Бормоча себе под нос и изо всех сил стараясь ничего не думать, Билл Сомс на негнущихся ногах прошел по дорожке, забрался на велосипед и нажал на педали.
— До вечера, Вильям! — крикнула ему вслед тетя Эми.
Нажимая на педали, Билл в глубине души пожелал мчаться вдвое быстрее, чтобы как можно скорее убраться от Энтони и от тети Эми, которая временами просто забывает, как нужно быть осторожным. И ему не следовало думать о таких вещах, потому что Энтони поймал его мысли. Он поймал желание убраться от дома Фремонтов, как от чего-то плохого, и его пурпуровые глаза мигнули, и он послал вслед Биллу Сомсу крошечную хмурую мысль, совсем крошечную, потому что он был в хорошем настроении сегодня и, кроме того, Билл Сомс ему нравился или, по крайней мере, не ненравился; по крайней мере — сегодня. Билл Сомс жаждет убраться подальше? Что ж, Энтони обиженно помог ему.
Нажимая на педали со сверхчеловеческой скоростью, — так, впрочем, казалось, потому что в действительности это педали нажимали на его ноги, — Билл Сомс исчез в клубах пыли, умчавшись вниз по дороге. Его тонкие испуганные вопли донеслись сквозь летнюю жару.
Энтони взглянул на крысу. Крыса уже сожрала часть собственного живота и издохла от боли. Тогда он послал ее в глубокую могилу на маисовом поле — однажды отец с улыбкой сказал, что ему, конечно, нетрудно делать так со всеми животными, которых он убивает, — и пошел вокруг дома, отбрасывая странную свою тень в горячем медном свете, льющемся с неба.

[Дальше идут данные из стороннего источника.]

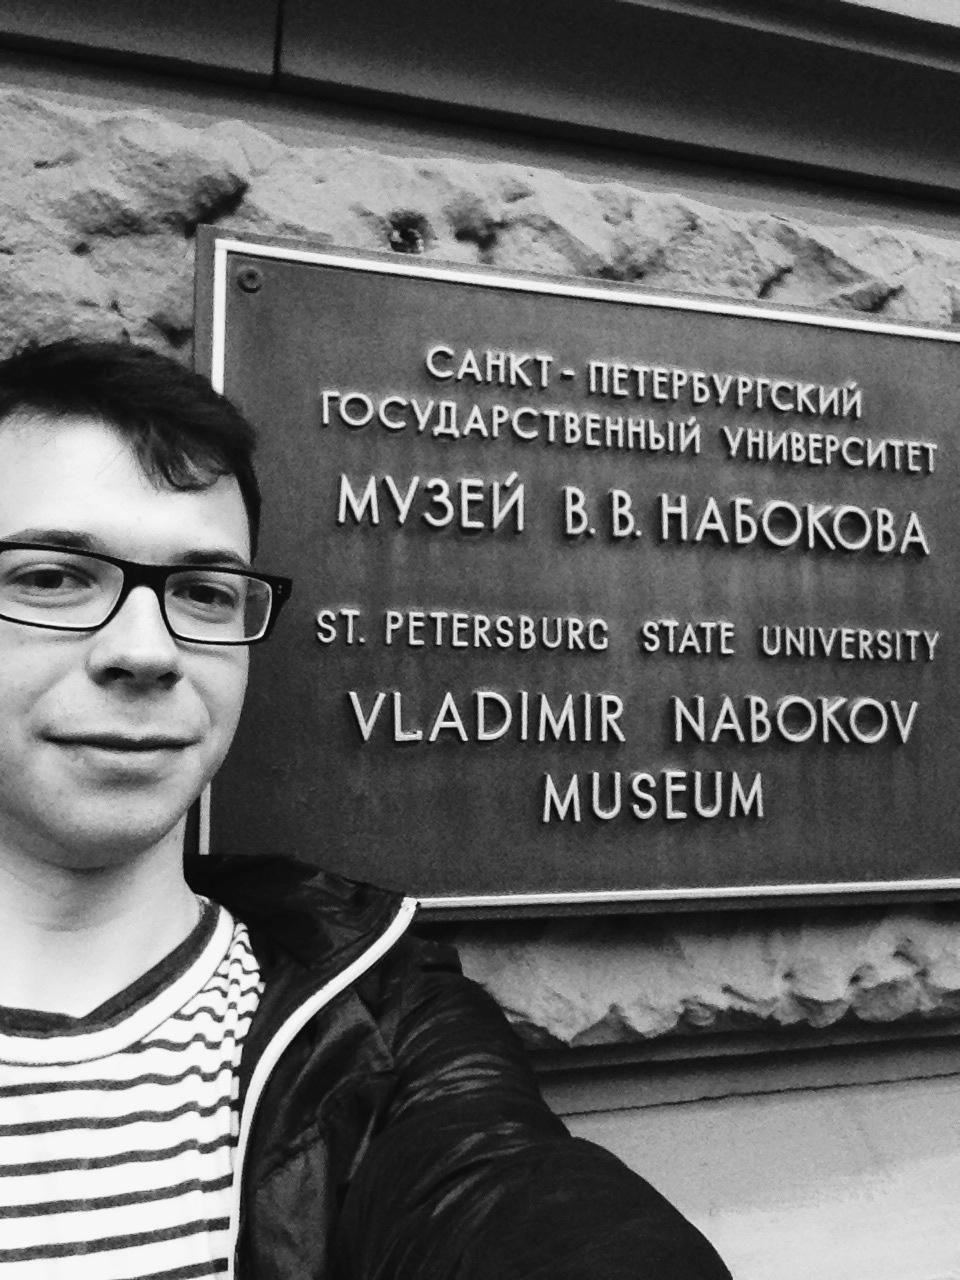 In front of 47 Bolshaya Morskaya

На кухне тетя Эми распаковывала продукты. Она поставила горшочки от Мэйсона на полку, спрятала мясо и молоко в холодильник, а свекольный сахар и грубую муку сунула в шкафчик под раковиной. Картонную коробку она поставила в угол около дверей, чтобы мистер Сомс мог взять ее, когда придет в следующий раз. Коробка была испачкана, и потрепана, и порвана, и изношена, но она была одной из немногих, оставшихся еще в Пиксвилле. Выцветшими красными буквами на ней было написано: «Суп Кэмпбелла». Последние банки супа и всего прочего были съедены давным-давно, если не считать небольшого общественного запаса, к которому жители обращались только в особых случаях, но коробка еще держалась; а когда она и другие коробки развалятся, людям придется мастерить ящики из дерева.
Тетя Эми вышла на задний двор, где мать Энтони — сестра Эми — сидела в тени дерева и лущила горох. Каждый раз, когда мать проводила пальцем вдоль стручка, горошины — лоллоп, лоллоп, лоллоп — падали в сковородку у нее на коленях.

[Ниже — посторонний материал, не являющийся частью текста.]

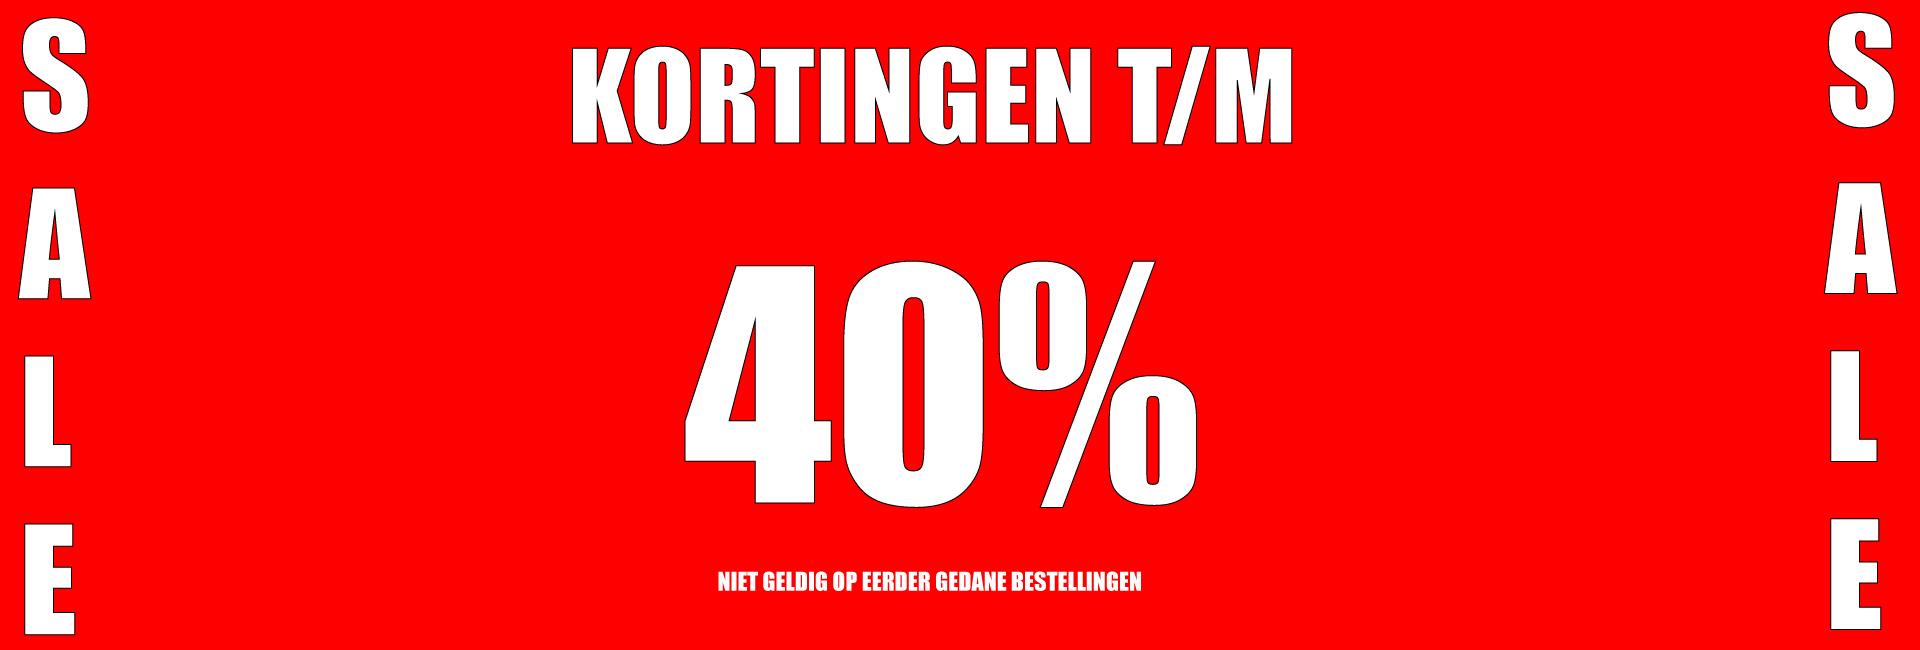 Kortingen t/m 40%

— Вильям привез продукты, — сказала тетя Эми.
Она устало опустилась на стул с прямой спинкой возле его матери и снова принялась обмахиваться веером. Она вовсе не была стара. Но с того дня, когда Энтони мысленно огрызнулся на нее, что-то скверное случилось не только с ее умом, но и с телом, и она все время чувствовала себя усталой.
— О, хорошо, — сказала мать.
Лоллоп! — упали в сковородку крупные горошины.
Все в Пиксвилле всегда повторяли: «О, прекрасно», или «Хорошо», или «Ну просто замечательно», что бы ни случилось и ни упоминалось — даже несчастье, даже смерть. Они всегда говорили «Хорошо», потому что, если они не старались скрыть свои подлинные чувства, Энтони мог подслушать, и никто не знал, что может тогда случиться. Вот, например, Сэм, покойный муж миссис Кент, вернулся домой с кладбища, потому что Энтони любил миссис Кент и услышал, как она плакала.
Лоллоп.
— Сегодня вечером будет телевизор, — сказала тетя Эми. — Я очень рада. Я всегда так жду телевизора каждую неделю. Интересно, что мы увидим сегодня вечером?
— Билл принес мясо? — спросила мать.
— Да. — Тетя Эми, обмахиваясь веером, взглянула на небо, пылающее равномерным медным огнем. — Господи, как жарко! Хотела бы я, чтобы Энтони сделал немного попрохладнее…
— Эми!
— О! — Резкое восклицание матери сделало то, чего не смогли сделать умоляющие жесты Билли Сомса. Тетя Эми в тревоге зажала рот исхудалой рукой. — О… Прости, дорогая.
Ее бледные голубые глаза торопливо обежали двор, проверяя, нет ли поблизости Энтони. Не то чтобы это имело значение — ему не надо было находиться поблизости, чтобы узнать, о чем вы думаете. Но обычно, если его внимание не было приковано к кому-нибудь, он был погружен в собственные мысли.
И все же какие-то вещи привлекали его внимание, и вы никогда не могли сказать, какие именно.
— Погода просто прекрасная, — сказала мать.
Лоллоп.
— О да, — сказала тетя Эми. — Прекрасный день, я бы нипочем не хотела, чтобы стало по-другому.
Лоллоп.
Лоллоп.
— Который час? — спросила мать.
Тете Эми с ее места был виден будильник, стоявший на кухне, на полке над печью.
— Половина пятого, — сказала она.
Лоллоп.
— Сегодня вечером мне хотелось бы чего-нибудь особенного, — сказала мать. — Хороший ростбиф принес Билл?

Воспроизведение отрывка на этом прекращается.